* PROBLEM TO WORK ON:
Wherever a picture sits, omit it. Output the rest of the listing exactly.

* DATASET SECTION:
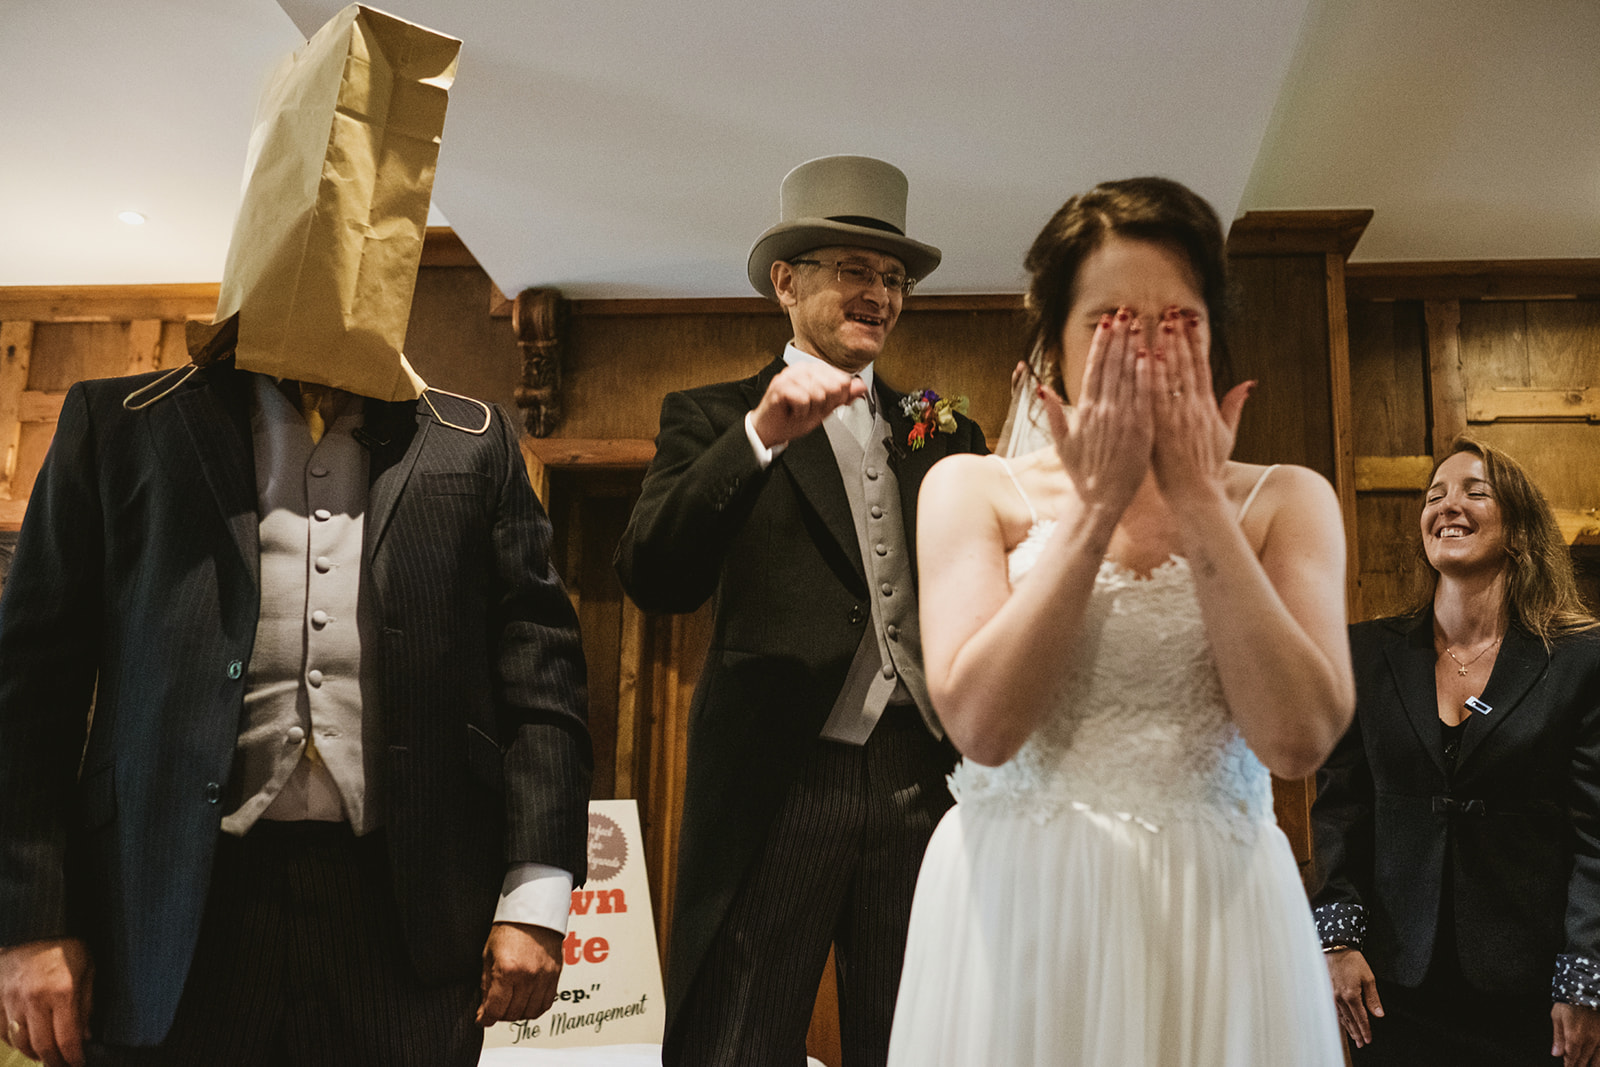 Gemma and John planned this hysterically funny Monty python themed wedding at the Ravenswood and chose brilliant UK wedding photographers York Place Studios to capture their day
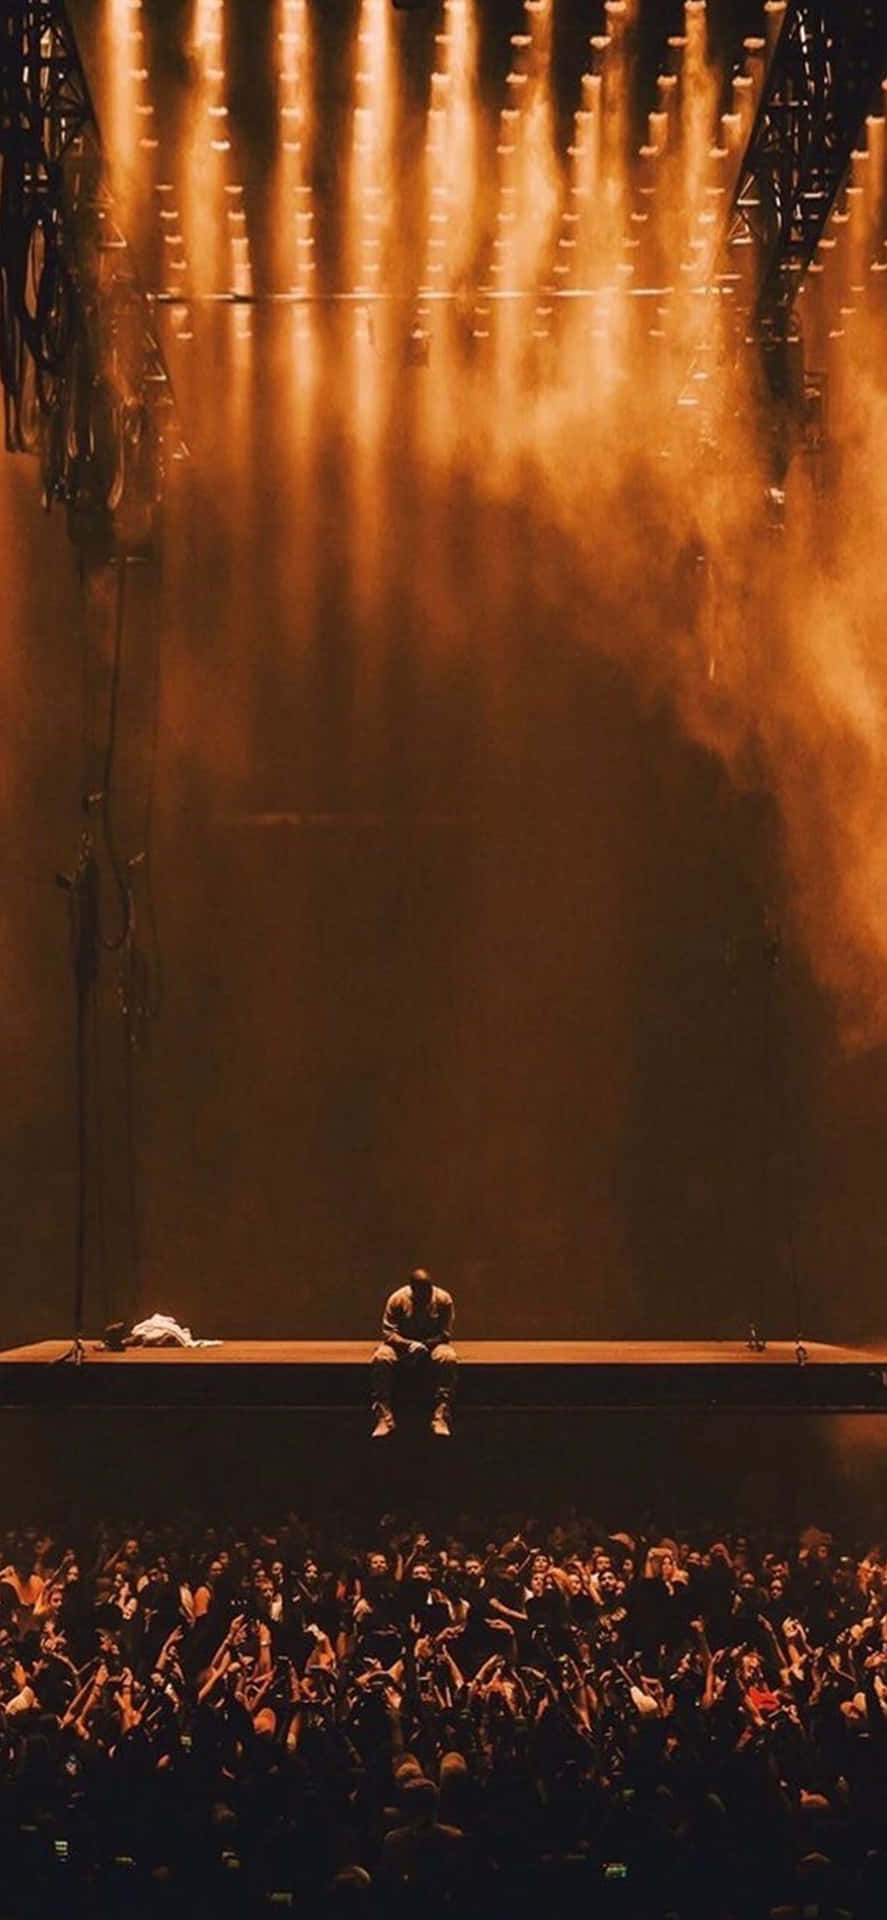 Iconic Rapper Kanye West In Thoughtful Pose
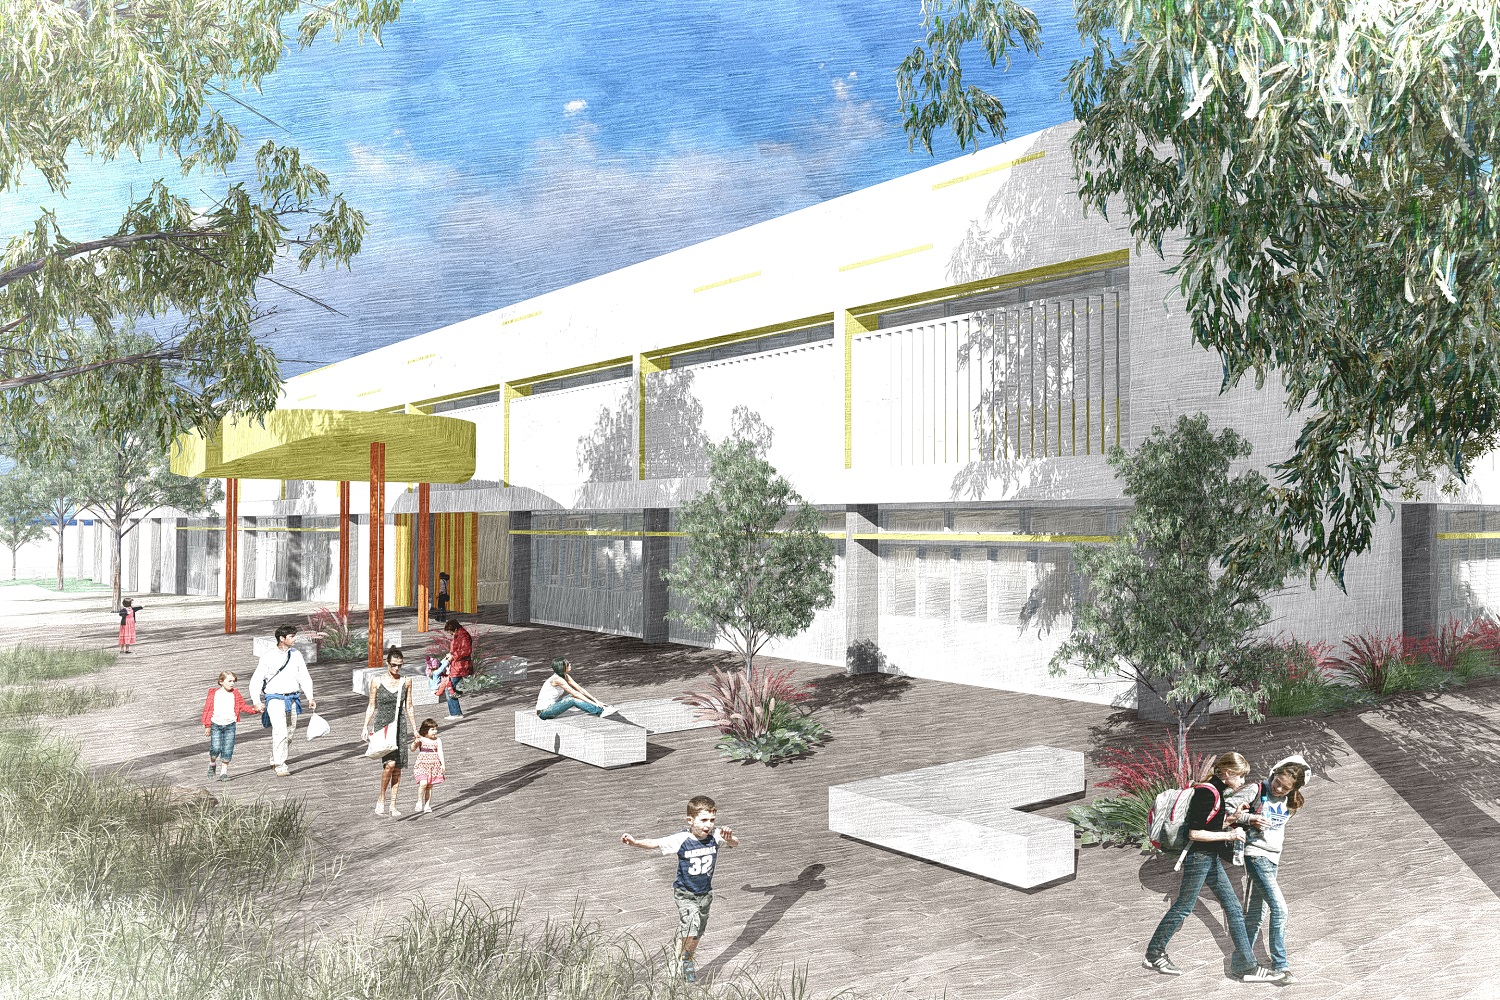 New North Kellyville Primary School approval

* EXERCISE SOLUTION:
 Gemma and John planned this hysterically funny Monty python themed wedding at the Ravenswood and chose brilliant UK wedding photographers York Place Studios to capture their day
 Iconic Rapper Kanye West In Thoughtful Pose
 New North Kellyville Primary School approval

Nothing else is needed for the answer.